Renaldo Clarke, the second man to climb the New York Times Building Thursday, may be doomed to the fate suffered by Buzz Aldrin and Tenzing Norgay.

But the Brooklyn computer technician and amateur skyscraper climber insisted to prosecutors it was his idea, and that it was purely “a coincidence” that French daredevil Alain Robert beat him to Mt. Sulzberger.

“I heard that some other guy had done it, and I was disappointed,” Clarke said, according to Manhattan Assistant DA Heather Pearson.

Clarke did his stunt at the height of the evening rush hour and, unlike Robert, did not have a support crew on the street.

He showed “utter disregard for police authority,” Pearson said.

But just like his French counterpart who made the ascent hours before, Clarke was charged with reckless endangerment and criminal trespass before being released yesterday evening on $2,000 bail.

Clarke, 32, who had been planning the stunt for two years, said he wanted to raise awareness about malaria, the disease that killed his uncle.

Friends of Clarke insisted there is a prize for second place.

“Wow, he upstaged a professional and said, ‘Here ya go, Frenchie!’ ” said his neighbor, Eric Hernandez, 29.

But Robert, who had also already beaten Clarke to an endless series of media interviews while the amateur was still awaiting arraignment, said that after this experience, he will never again climb a New York City building.

Calling the Times climb easy, as a result of the building’s ladder-like ceramic rods in which architect Renzo Piano had wrapped the building, he rated it a “a 0.5 on a scale of 10.”

“But no, never again, because the law is kind of difficult,” he said. “In Europe, I can climb and, nine times out of 10, it is no big deal.”

Robert said all that mattered to him was “getting his message across” about global warming, but those who work at the Times building were skeptical.

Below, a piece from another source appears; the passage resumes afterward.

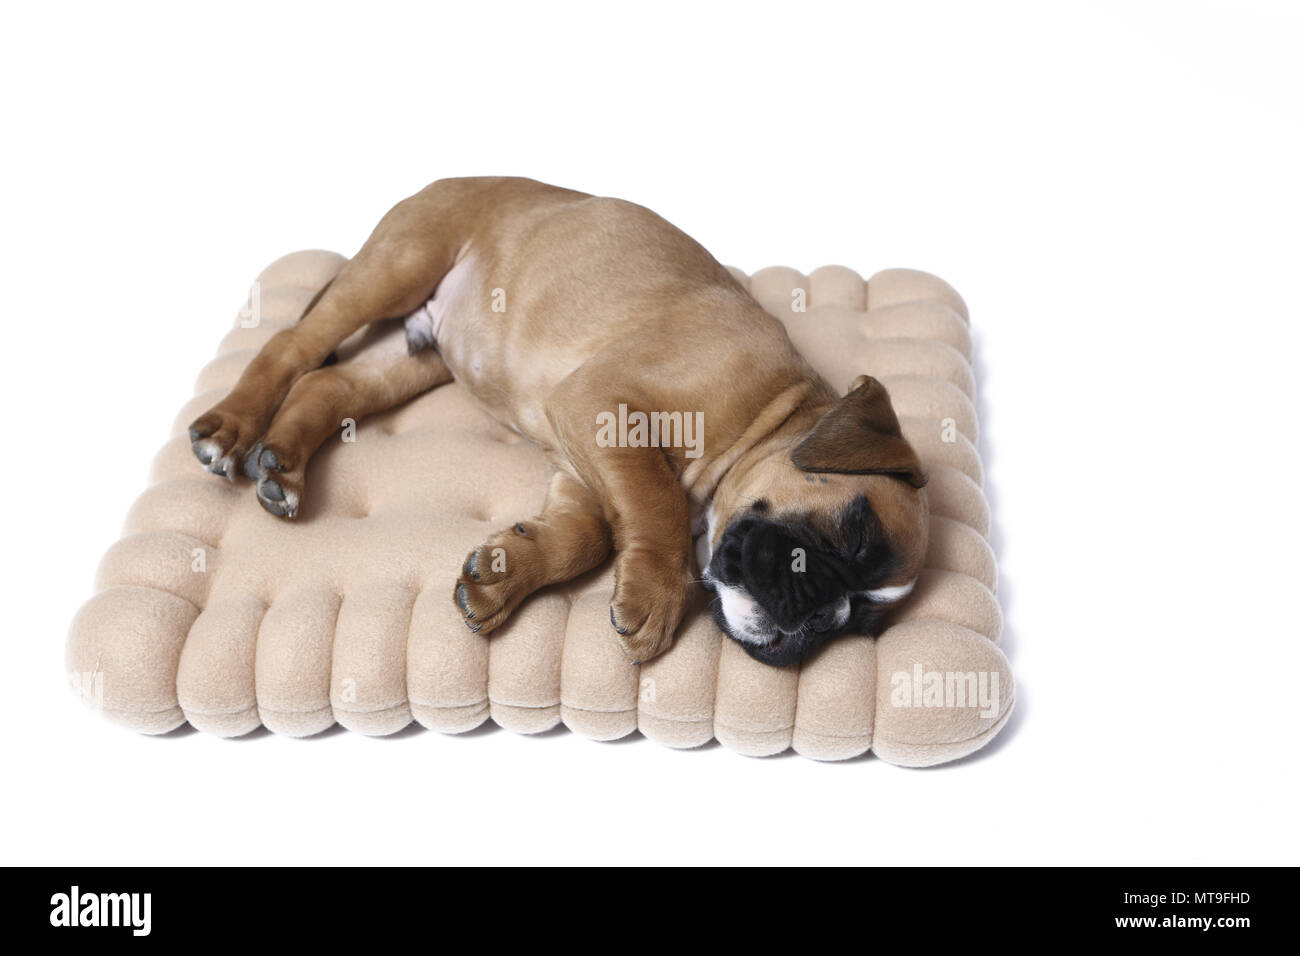 German Boxer. Puppy (7 weeks old) sleeping on a cookie-shaped cushion. Studio picture Stock Photo

“What does climbing have to do with saving the planet,” said Phil Weimeo, 50, who works on the 35th floor.

Mayor Bloomberg called the daredevil duo “stupid,” and said that as a result of their antics, architects would have to make their buildings Spidey-proof.

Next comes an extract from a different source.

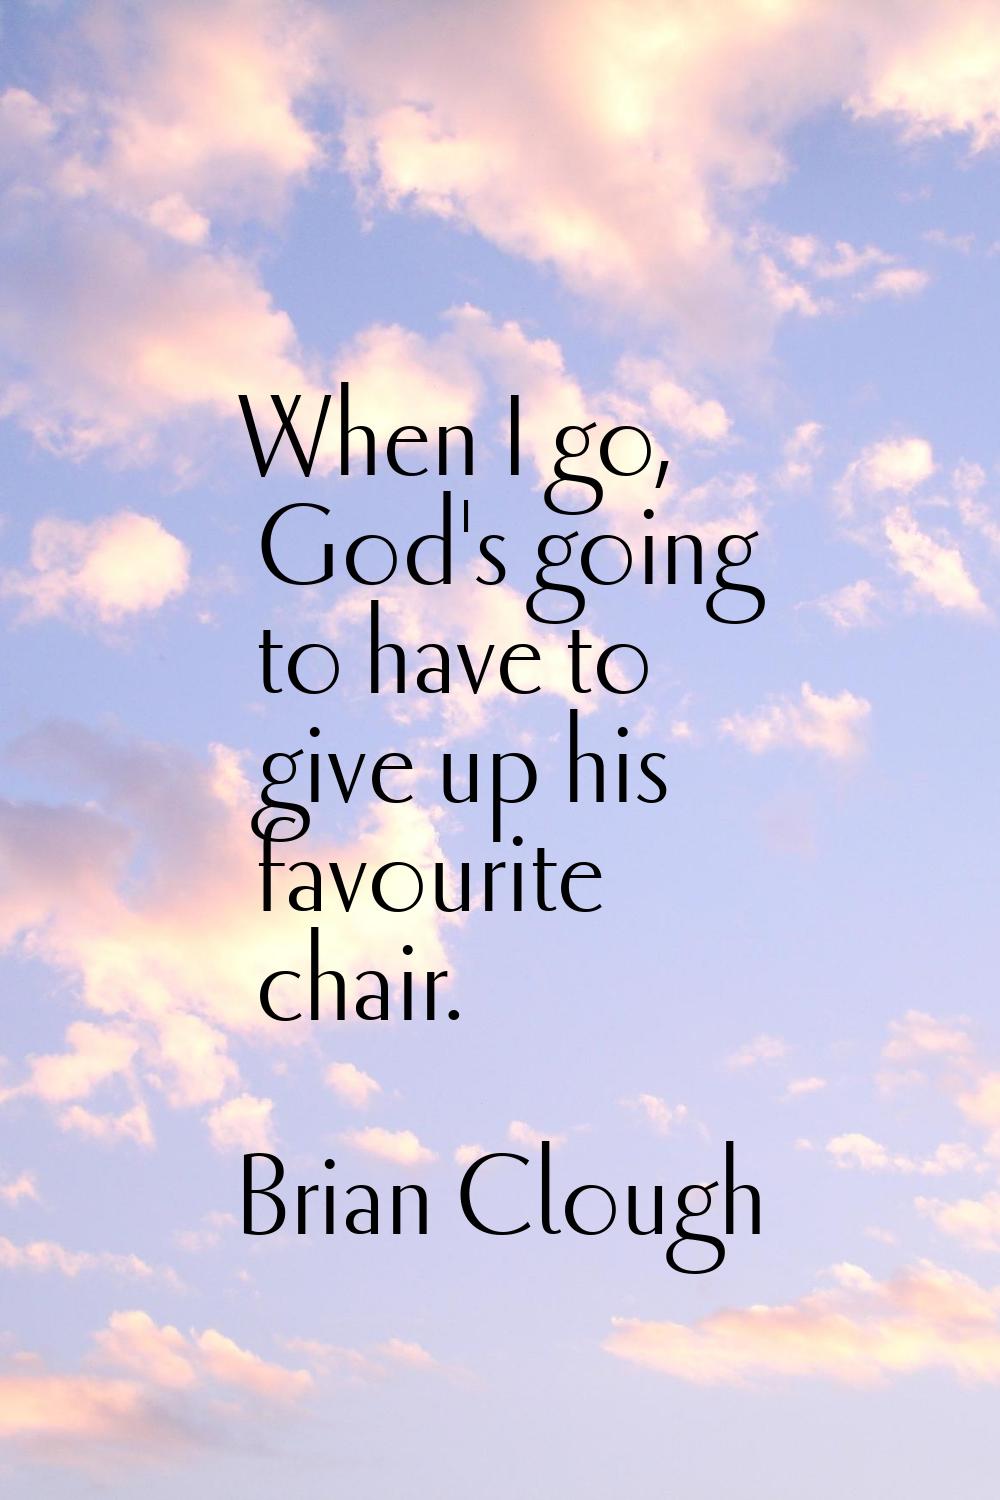 When I go, God's going to have to give up his favourite chair.

“If you want to run the risk of killing yourself, I guess that’s your business,” Bloomberg said. “But if you fall and kill somebody else, that is the city’s business.”

More than a dozen cops patrolled outside the Times building yesterday morning until private security arrived and wooden planks could be installed as a temporary deterrent to would-be mountaineers.

Architects dismissed the notion that designs should take into account the risky whims of Robert, Clarke and their ilk.

“If we take as a paramount concern that someone might climb their building, I think we would be doing a disservice to the visual complexity,” said Rick Bell, New York director of the American Institute of Architecture.

Ever since city buildings began to reach for the heavens, there have been daredevils willing to risk their lives for the glory of scaling their heights.

In 1923, after a group of these “human flies” formed the “Safety Last Society,” and one of their members plummeted to his death, the city passed a law banning such “performance in which human life is needlessly imperiled to satisfy either an insane desire for vainglory or money.”